춘 향 은 도령에 대한 자신의 사랑을 지키기 위해, 사또의 요구를 단호히 거절했다.

이에 분노한 사또는 춘 향을 감옥에 가두고 혹독한 형벌을 내렸다.

이야기는 이 도령이 고위 관직에 오른 후, 춘 향을 구해 내는 것으로 끝난다.

두 사람은 오랜 시련 끝에 다시 만나게 되고, 그들의 사랑은 온 세상에 전해 지며 후세에까지 이어진다.

- 춘향전 (The Tale of Chunhyang)


## Hugging Face 分词器
[Hugging Face](https://huggingface.co/docs/tokenizers/index) 拥有多种分词器。
我们使用Hugging Face的分词器[GPT2TokenizerFast](https://huggingface.co/Ransaka/gpt2-tokenizer-fast)来统计文本的标记长度。
1. 文本如何分割：通过传入的字符进行分割。
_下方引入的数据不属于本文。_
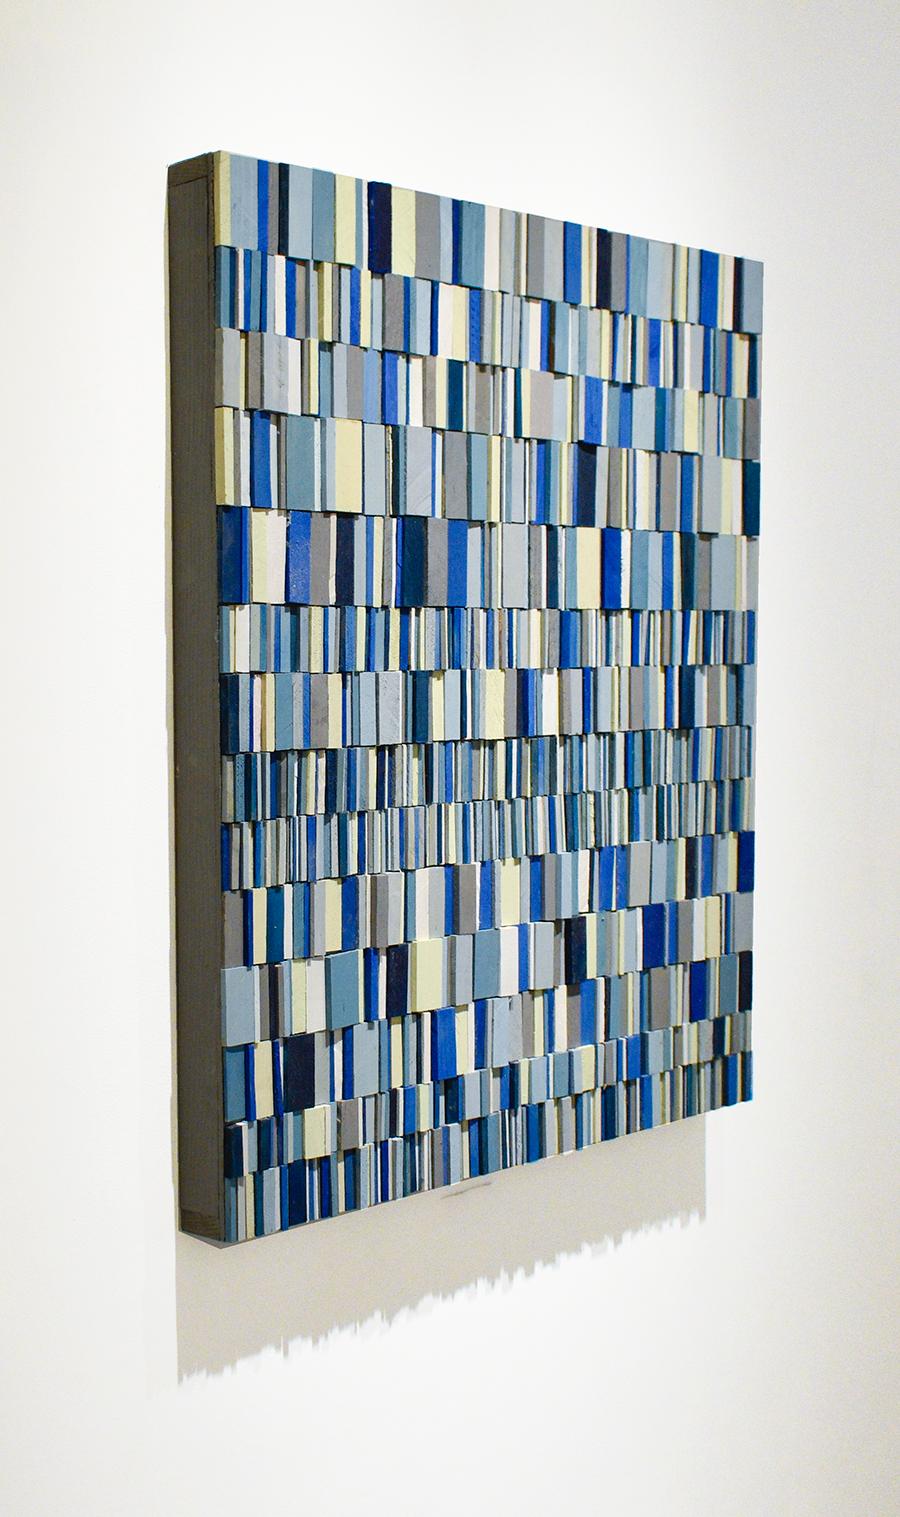 Syncopated Blues (Abstract Geometric Wall Sculpture in Blue, Black, White) - Brown Abstract Sculpture by Stephen Walling

2. 分块大小的衡量方式：通过`Hugging Face`分词器计算的令牌数量。

In [1]:
from transformers import GPT2TokenizerFast

tokenizer = GPT2TokenizerFast.from_pretrained("gpt2")

In [2]:
# This is a long document we can split up.
with open("state_of_the_union.txt") as f:
    state_of_the_union = f.read()
from langchain_text_splitters import CharacterTextSplitter

In [3]:
text_splitter = CharacterTextSplitter.from_huggingface_tokenizer(
    tokenizer, chunk_size=100, chunk_overlap=0
)
texts = text_splitter.split_text(state_of_the_union)

In [4]:
print(texts[0])

Madam Speaker, Madam Vice President, our First Lady and Second Gentleman. Members of Congress and the Cabinet. Justices of the Supreme Court. My fellow Americans.  

Last year COVID-19 kept us apart. This year we are finally together again. 

Tonight, we meet as Democrats Republicans and Independents. But most importantly as Americans. 

With a duty to one another to the American people to the Constitution.